Juba was at the far end of the shelter, imparting to two of her daughters and the new wife of one of her middle sons the delicate secrets of beer-brewing. The sorghum grain had been soaked and had germinated, now came the drying and grinding of the yeast. It was an absorbing task, and Juba did not become aware of the presence of her senior daughter-in-law and her eldest grandson until they stood over her. Then she looked up, and her smile split the great round of her face.
‘My mother,’ Tanase knelt before her respectfully. ‘I must speak with you.’
Juba struggled to rise, but was pinned by her own vast weight. Her daughters took an elbow each and heaved her
upright. Once she was on her feet, she moved with surprising agility, swept Tungata onto her hip and carried him easily along the pathway. Tanase fell in beside her.
‘Bazo has sent for me,’ Tanase told her. ‘There is dissension amongst the indunas, Bazo needs the words of the Umlimo made clear. Without that the struggle will fall into vacillation and talk. We will lose all that we have won so dearly.’
‘Then you must go, my child.’
‘I must go swiftly, I cannot take Tungata with me.’
‘He is safe here, I will look after him. When do you leave?’
‘Immediately.’
Juba sighed and nodded. ‘So be it.’
Tanase touched the child’s cheek. ‘Obey your grandmother,’ she said softly, and like a shadow was gone around the bend of the narrow pathway.
Tanase passed through the granite portals that guarded the valley of the Umlimo. She had only her memories of this place for travelling companions, and they were not good company. Yet when she went down the path, she walked straight, with a kind of antelope grace, her long limbs swinging freely and her head held high on the long heron’s neck.

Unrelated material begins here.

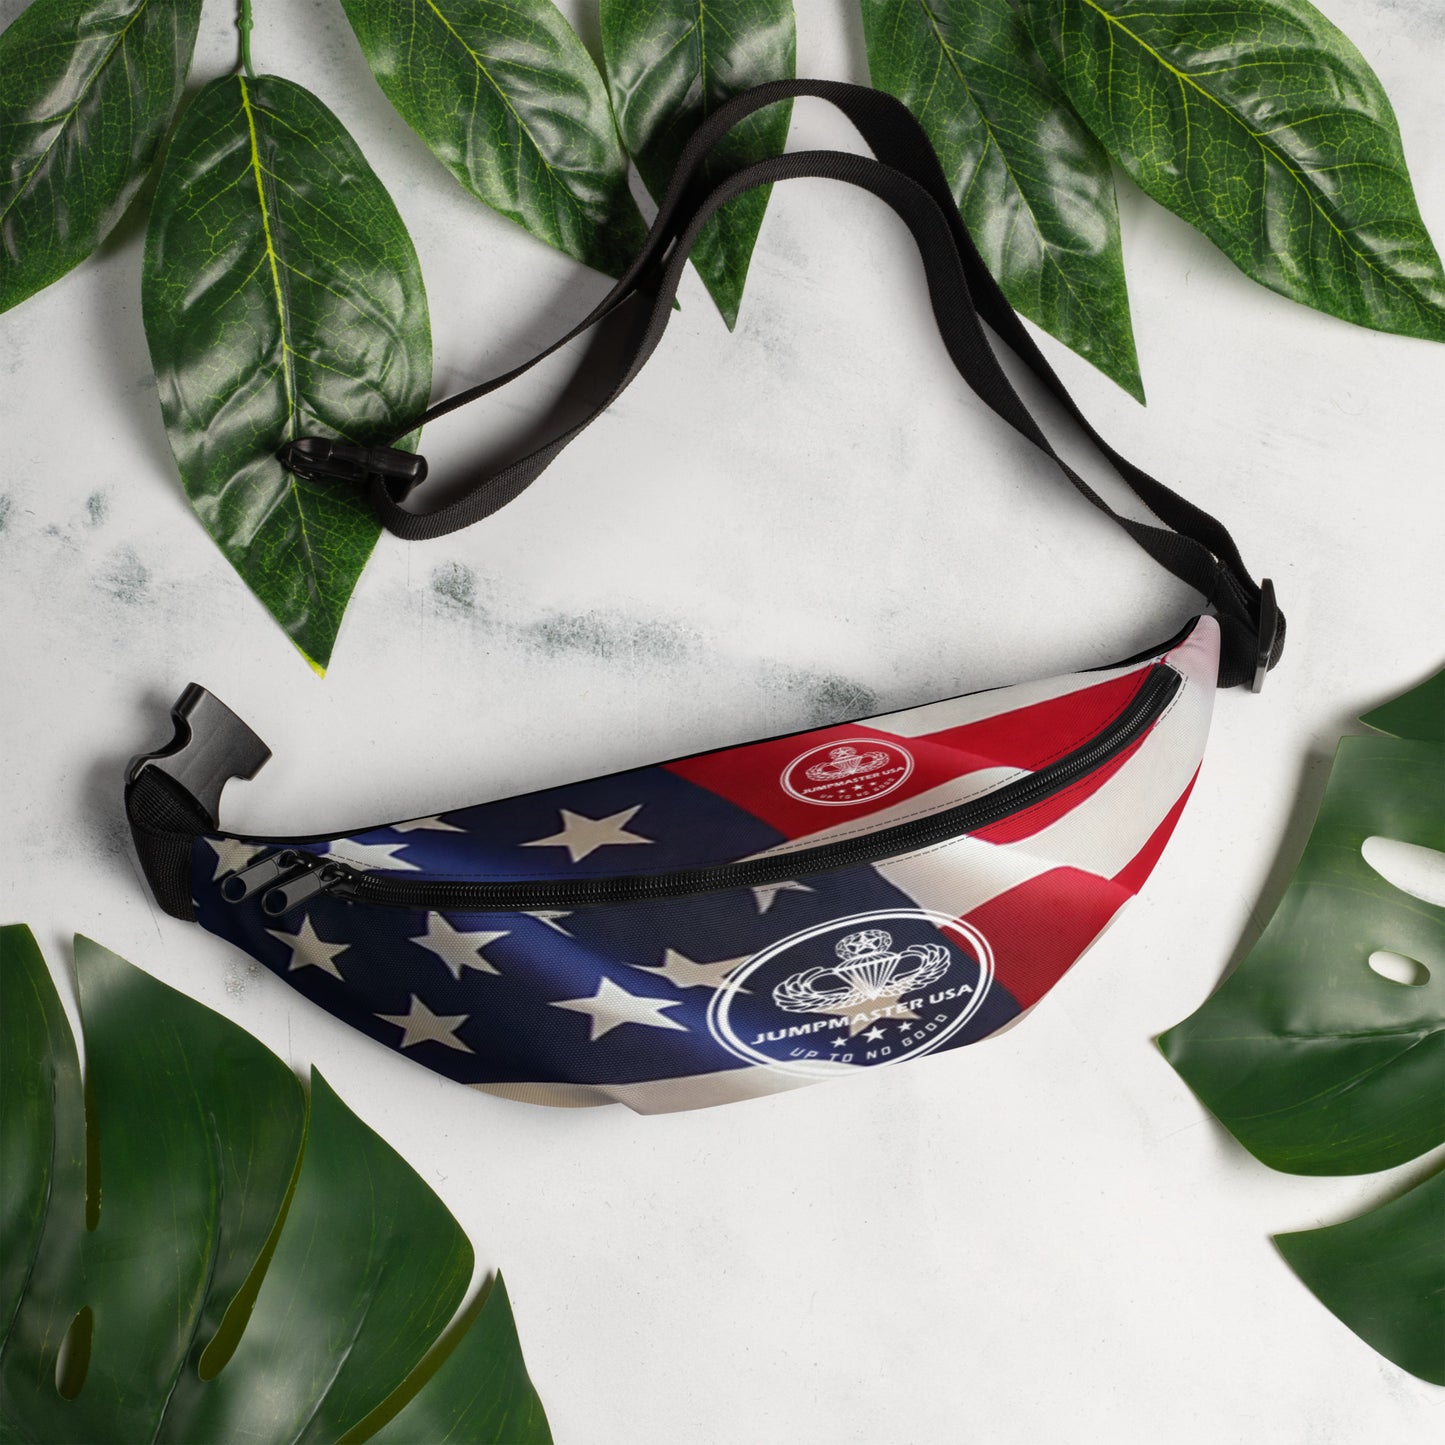 This Fanny pack is the ultimate accessory for stylish Jumpmasters on the go. This waist bag has everything—the right size, a small inside pocket, and adjustable straps—to become your favorite fashion item if you're going to a festival, getting ready for a vacation, or just like to keep your hands free.

As soon as she entered the little cluster of huts in the bottom of the valley, her trained senses were immediately aware of the tensions and angers that hung over the place like a sickly miasma over a fever swamp. She could feel the anger and frustration in Bazo when she knelt before him, and made her dutiful obeisance. She knew so well what those knots of tense muscle at the points of his clenched jaw and the reddish glaze in his eyes meant.
Before she rose, she had noted how the indunas had drawn into two separate groups. On one side the elders, and facing them the young and headstrong were ranged about Bazo. She crossed the space between them and knelt before Gandang and his white-headed brothers, Somabula and Babiaan.